Barrett refused to say whether she agreed with the landmark 2015 Supreme Court ruling in Obergefell v. Hodges, which held that same-sex marriage is a constitutionally protected right. Barrett said recently that she holds the same judicial philosophy as former conservative Justice Antonin Scalia, for whom she clerked in the late 1990s. 

Scalia dissented in the Obergefell case and argued that same-sex marriage is not a legal right. 

“I have no agenda and I do want to be clear that I have never discriminated on the basis of sexual preference and would not ever discriminate on the basis of sexual preference,” Barrett said in response to questioning about Obergefell on Tuesday. “Like racism, I think discrimination is abhorrent.” 

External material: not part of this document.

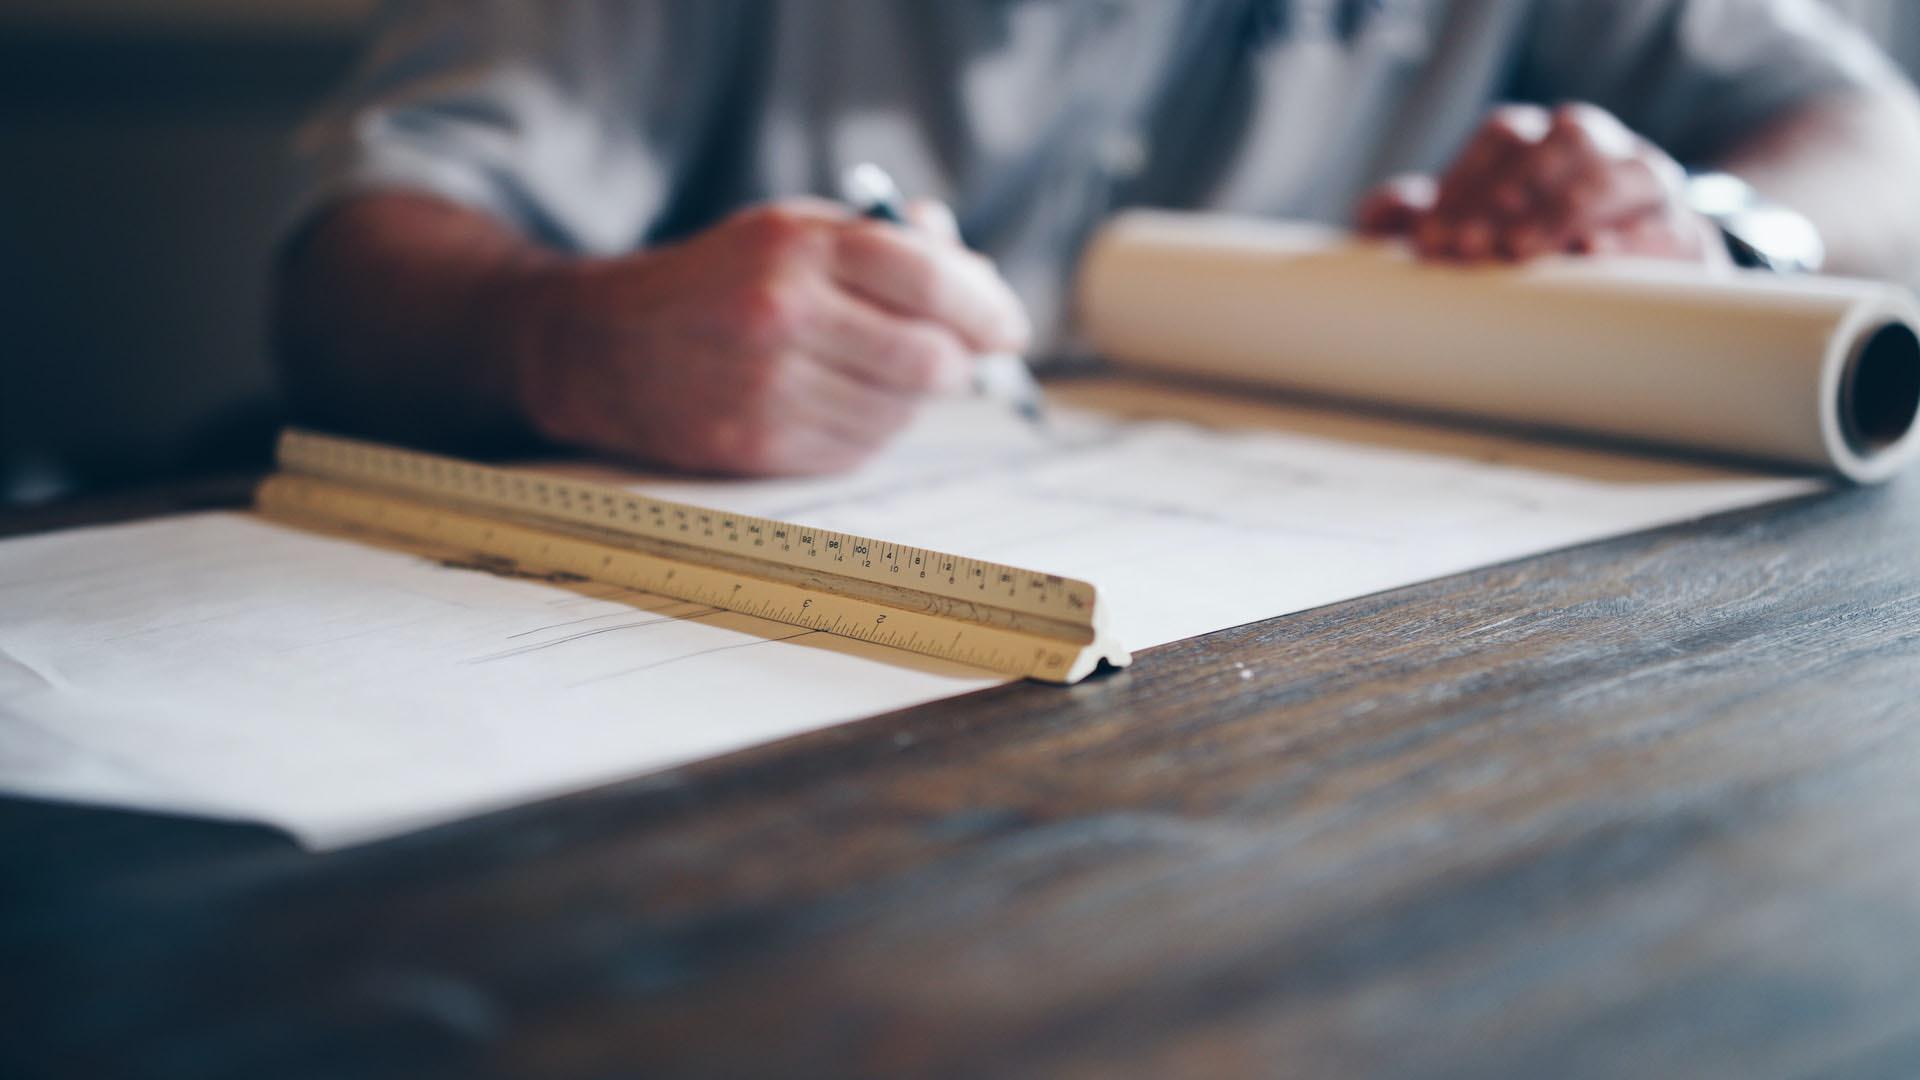 Ein Architekt füllt neben Zeichnungen seinen Bauzeitenplan auf einem Holztisch aus

LGBTQ rights organizations and others quickly pointed out that the correct term is “sexual orientation” and that anti-LGBTQ activists often use the term “preference” to falsely claim that gender identity and sexual orientation are a choice. 

“This is a dogwhistle,” Lambda Legal, a top LGBTQ rights legal advocacy organization, tweeted in response to Barrett’s answer. “The term ‘sexual preference’ is used by opponents of equality to suggest that being #LGBTQ is a choice.” 

Critics also pointed out that Barrett has, in fact, discriminated against LGBTQ people. Between 2015 and 2017, Barrett served on the board of trustees of Trinity Schools Incorporated, a group of Indiana private schools that adopted a policy in 2014 to bar children with unmarried parents from attending the school, The New York Times reported. Because same-sex marriage was then banned in Indiana, this was clearly designed to ban the children of same-sex couples, former Trinity school staffers told The Times. 

On Tuesday, Barrett elaborated on her originalist interpretation of the Constitution. 

“The text is text, and I understand it to have the meaning that it had at the time people ratified it,” she said. “It does not change over time, and it is not up to me to update it or infuse my own views into it.”